Roy and his wife, Trish, worked hard and played hard. Together, they enjoyed volunteering, home improvement projects, motorcycling, the outdoors, and travel. Whether it was at the firehouse, renovation of his home, or that of a friend, Roy enjoyed working. Roy also modified their home to welcome and care for his dad.
A true hero, Roy responded to the catastrophic call on 9/11 with his 28/11 Fire Company. His Engine 28 Company helped many civilians escape the impending collapse of the Twin Towers that fateful day. As a true leader and decisive man, Roy led many of his fellow firefighters out of the building. Working tirelessly throughout the months that followed, he was exposed to the many toxins and dust at Ground Zero that subsequently affected his health and life.

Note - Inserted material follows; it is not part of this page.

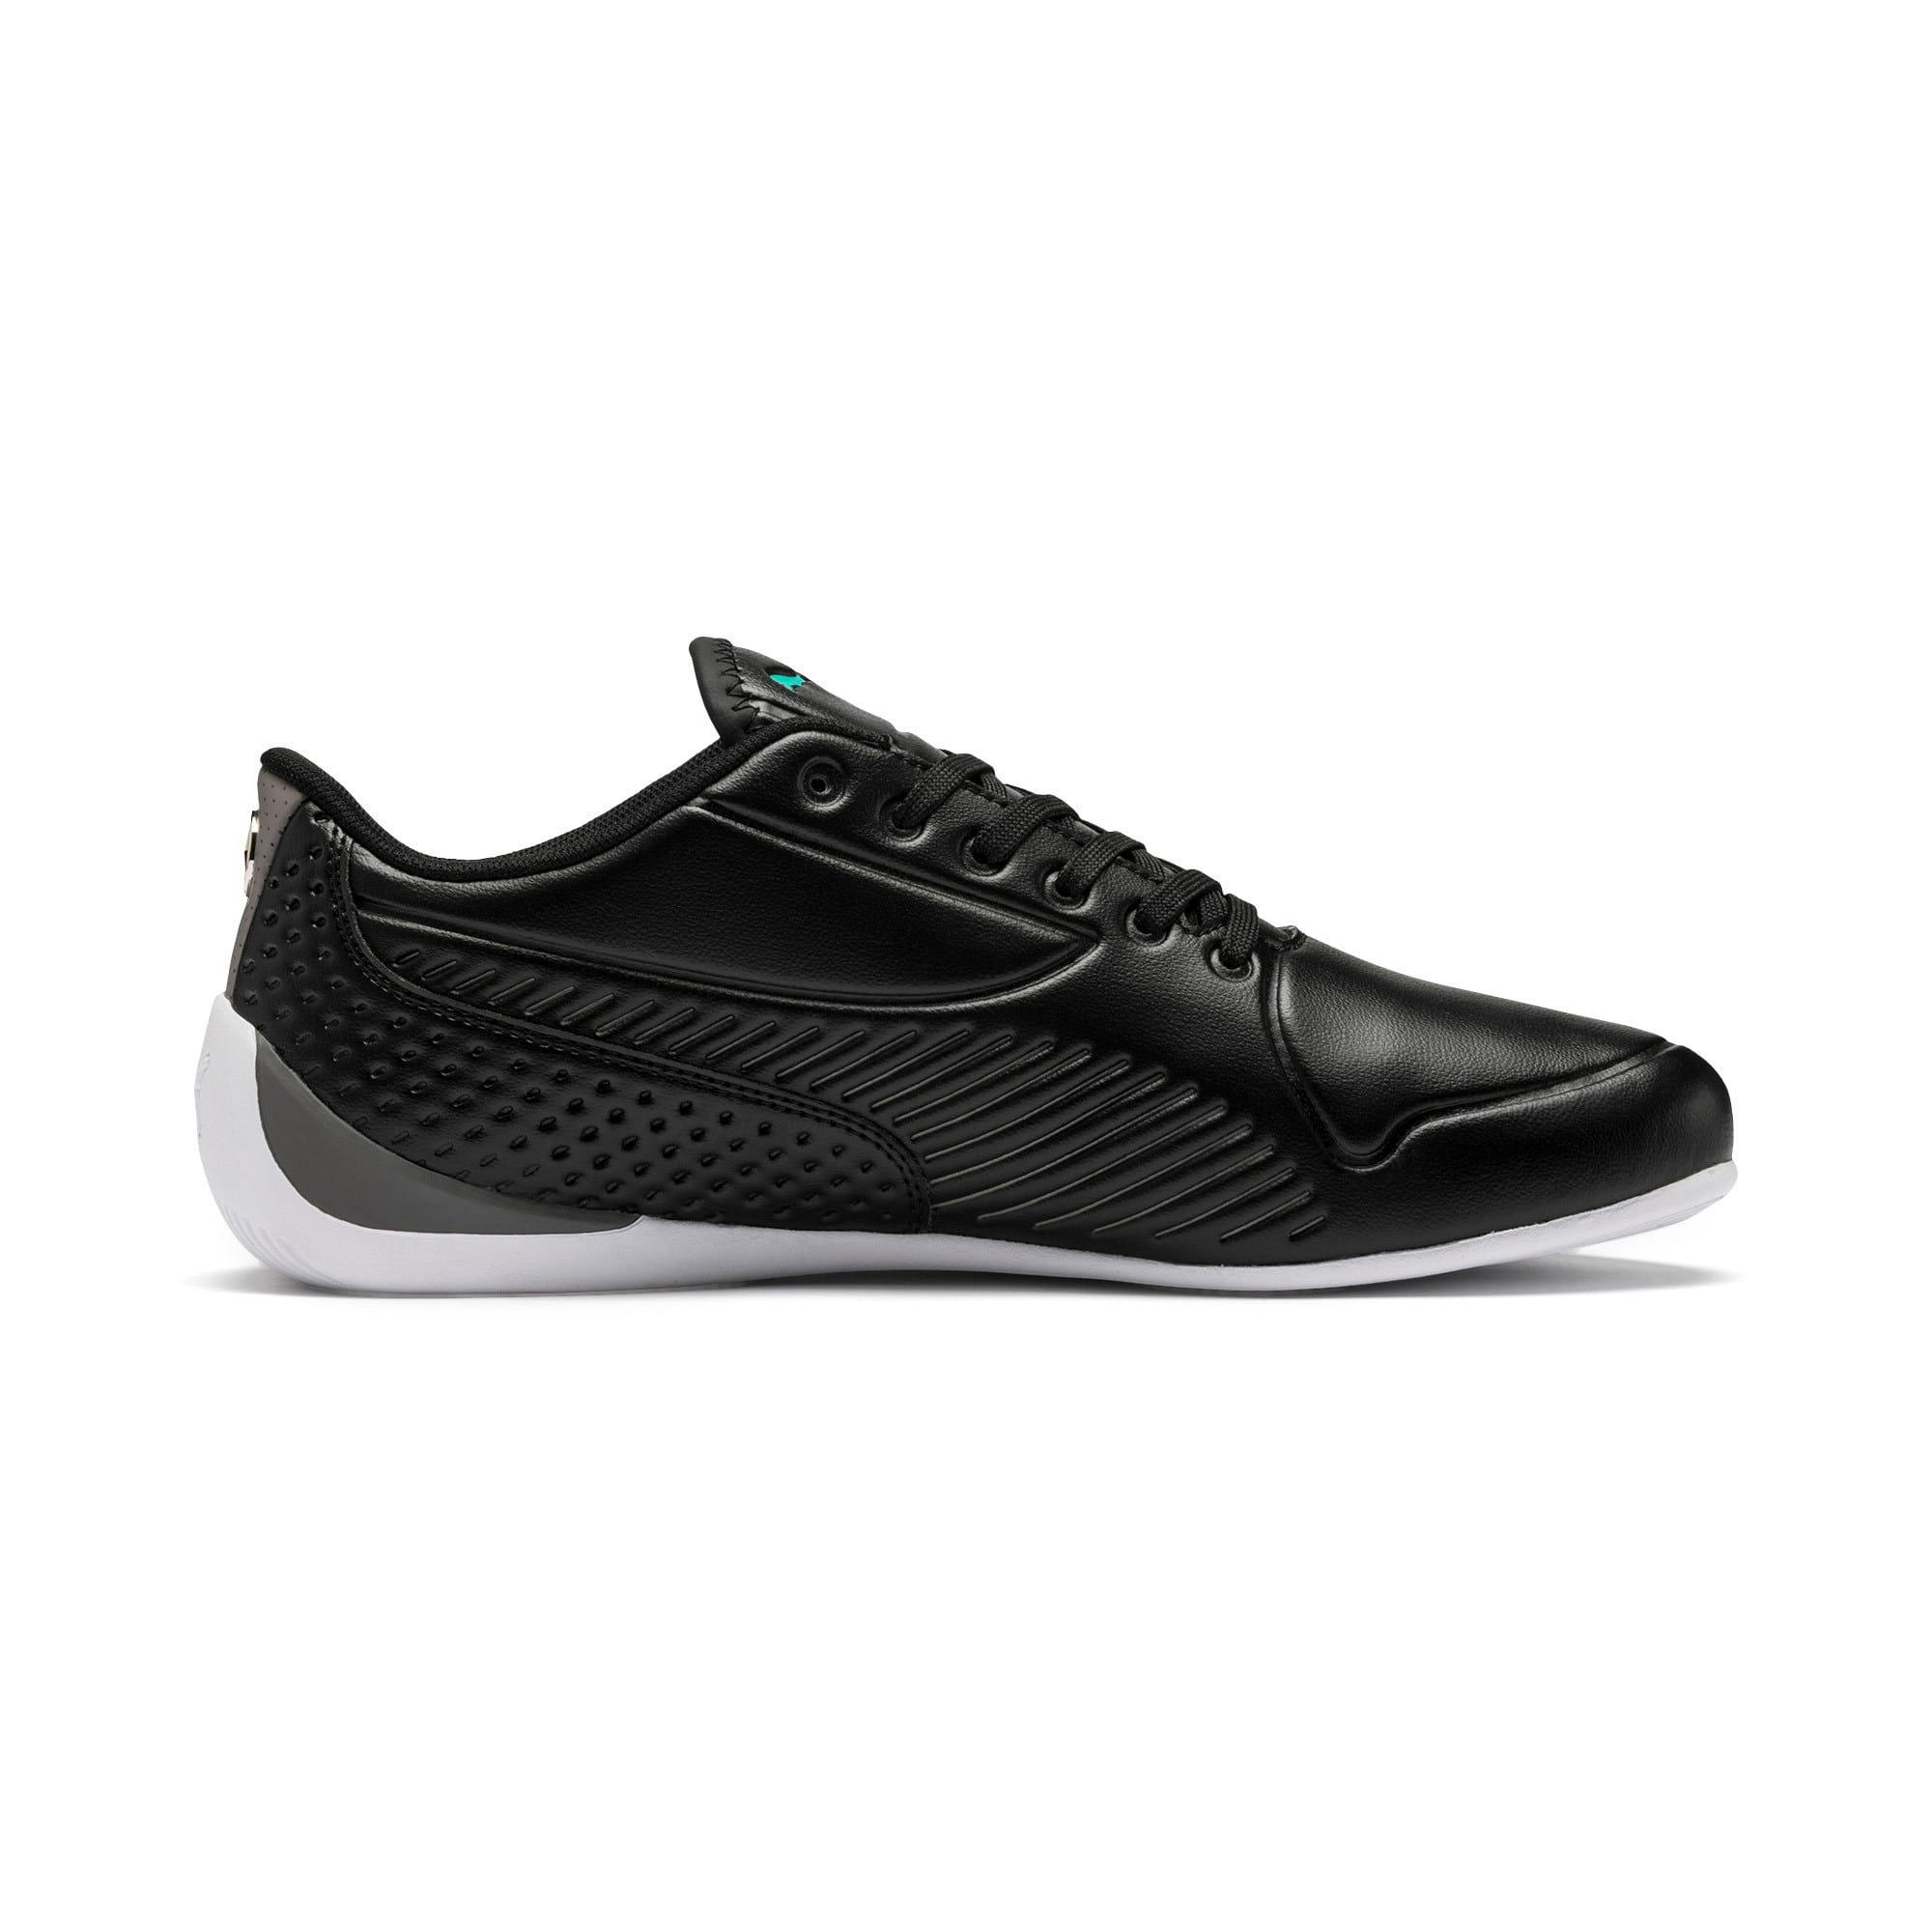 Thumbnail 6 of Mercedes AMG Petronas Drift Cat 7S Ultra Men's Shoes, Puma Black-Puma Black, medium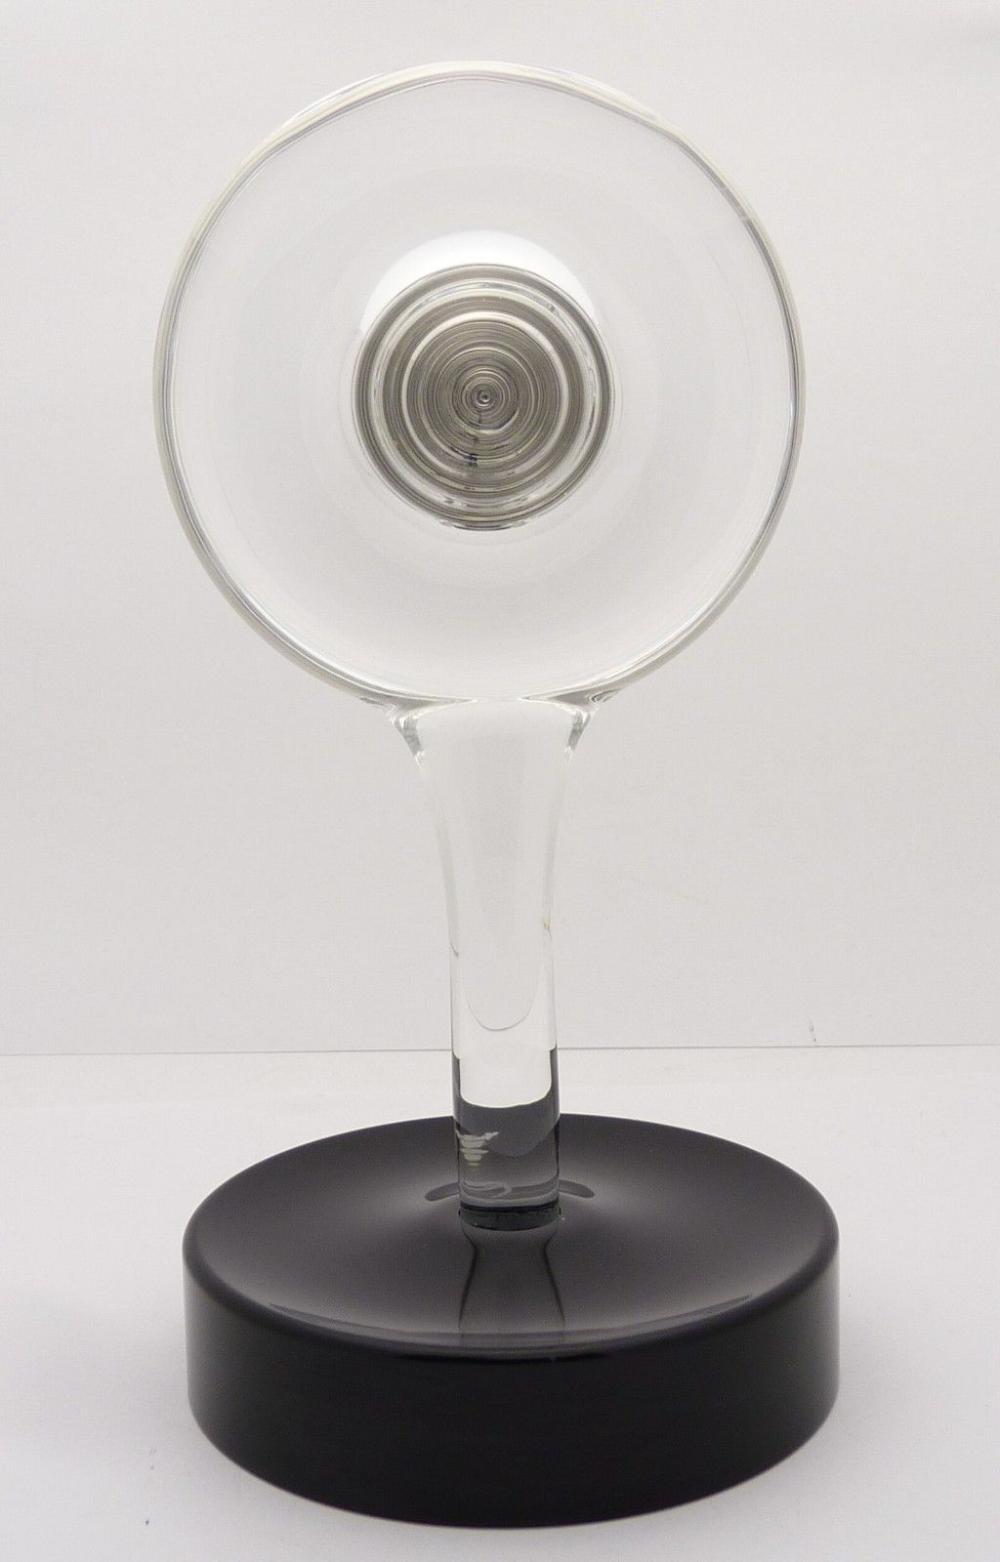 Baccarat France Crystal Table Desk Hypnos Clock

There were a lot of heroic things done that day, many of them have been documented, many of them have been spoken about time and time again, He never spoke about it, he just thought he was doing his job…he was an unbelievably quiet leader. -Steven Cassidy, head of the Uniformed Firefighter Association
At Christmas time in 2005, Roy was diagnosed with a rare form of blood cancer called multiple myeloma. Despite grueling chemotherapy, a tandem stem cell transplant, and a forced retirement, Roy never gave up. Roy was a true Norwegian, dubbed “The Viking” by his fellow firefighters, strong in body and mind. His resilience allowed him to fight and win many battles along the way. Roy and his family worked diligently to find a match for Roy and others like Roy. With passion and determination, they organized and hosted numerous marrow drives through their non-profit foundation, “Be the Hero~For a Hero,” to increase awareness. Ultimately, he lost his war, but others will be saved.